Schombert’s team recalculated the Tully-Fisher approach and used precisely defined distances in a linear calculation of the 50 galaxies as a guide for measuring the distances from 95 other galaxies. The universe is governed by a series of mathematical patterns that are expressed in equations. The new approach takes more account of the mass and rotation curves of galaxies to convert these equations into numbers such as age and rate of expansion.

His team’s approach determines the Hubble constant – the expansion rate of the universe – at 75.1 kilometers per second per megaparsec, give or take 2.3. One megaparsec, a common unit of spatial measurements, corresponds to one million parsecs. A parsec is approximately 3.3 light years.

All constant values ​​from Hubble below 70, his team wrote, can be excluded with 95 percent certainty.

Traditionally used measurement techniques over the past 50 years, Schombert said, have set the value to 75, but CMB calculates a rate of 67. The CMB technique should still arrive at the same estimate using different assumptions and computer simulations, he said.

“The tension in the field results from the fact that this is not the case,” said Schombert. “This difference is far from the observation errors and has caused a lot of friction in the cosmological community.”

Calculations from observations by NASAWith the 2013 Wilkinson microwave anisotropy probe, the age of the universe was 13.77 billion years, which is currently the standard model of the Big Bang cosmology. The different Hubble constant values ​​from the different techniques generally estimate the age of the universe to be 12 to 14.5 billion years.
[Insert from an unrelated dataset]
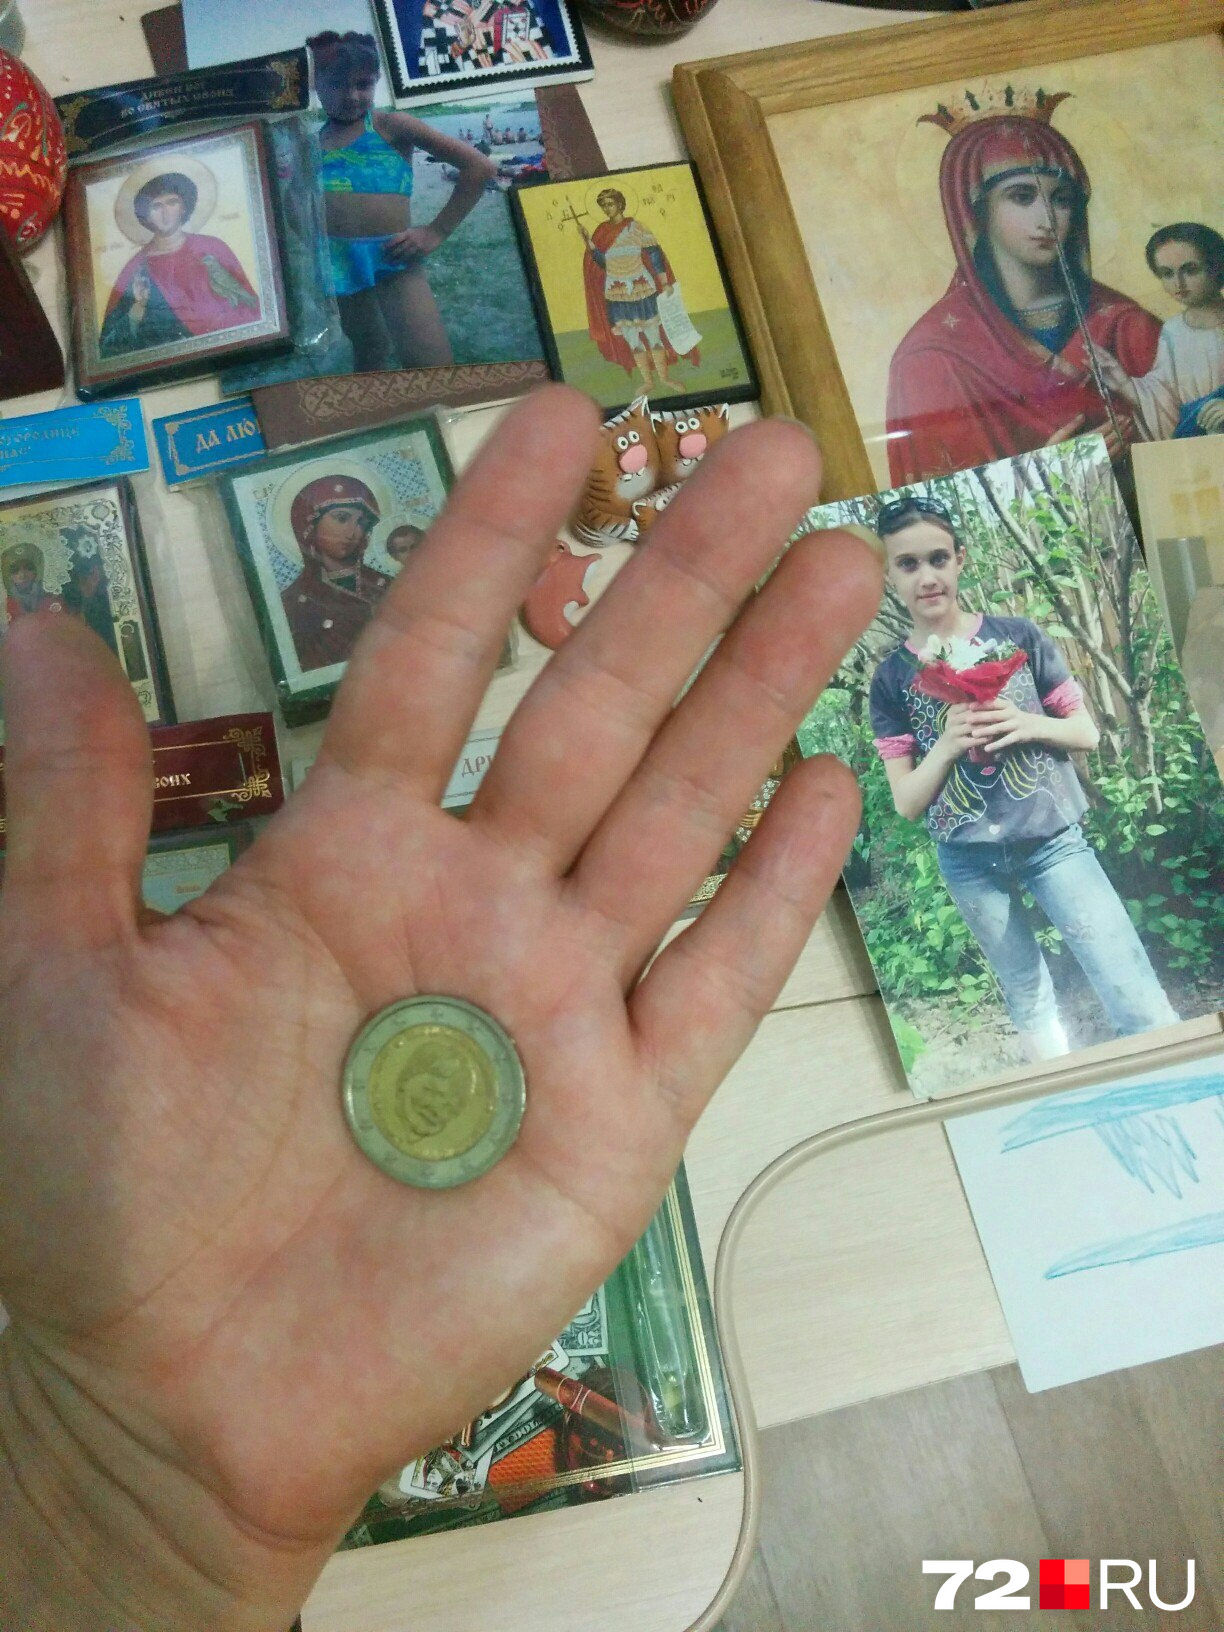 Несколько лет назад Наталья рассказывала о том, что их семье прислали «Монету надежды» с пожеланиями скорейшего возвращения Анюты. На снимке среди множества икон виднеется фото Ани. Тут она девочка-подросток. Совсем скоро Ане исполнится 22 года
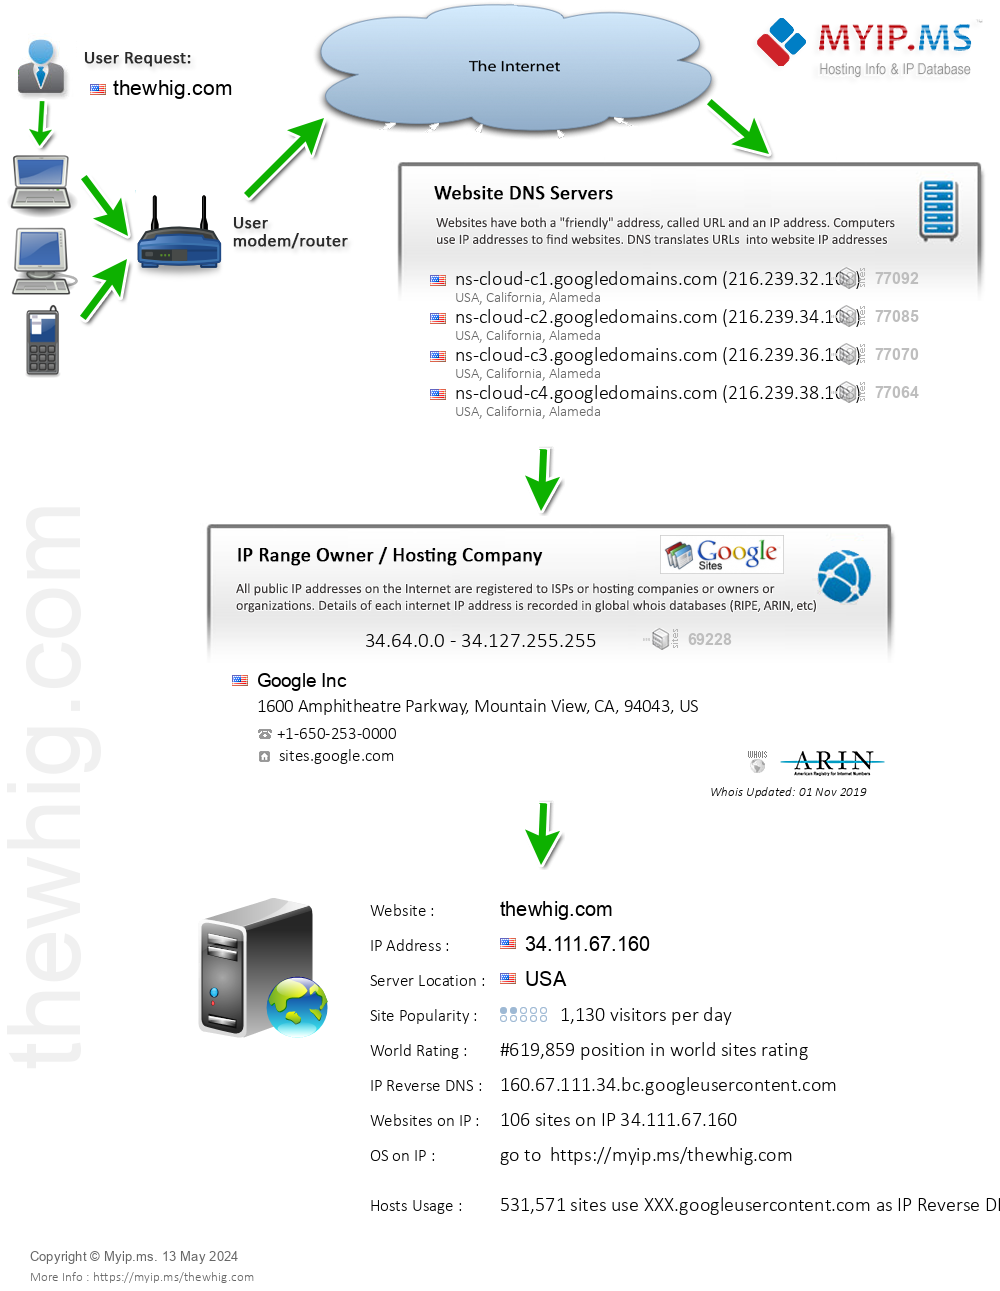 Thewhig.com - Website Hosting Visual IP Diagram

The new study, based in part on Spitzer Space Telescope observations, adds a new element on how calculations can be made to achieve the Hubble constant by introducing a purely empirical method that uses direct observations to measure the distance Determine galaxies, Schombert said.

“Our resulting value lies on the high side of the various schools of cosmology, which signals that our understanding of the physics of the universe is incomplete in the hope of new physics in the future,” he said.


Reference: “Using the Tully-Fisher Baryonic Relationship to Measure H. Ö By James Schombert, Stacy McGaugh and Federico Lelli, July 17, 2020, Astronomical journal.
DOI: 10.3847 / 1538-3881 / ab9d88

Stacy McGaugh of Case Western Reserve University in Cleveland, Ohio, and Federico Lelli of Cardiff University in the UK co-authored the paper.

The research was supported by NASA funding from the Jet Propulsion Laboratory at the California Institute of Technology, as well as a separate grant from NASA and the National Science Foundation.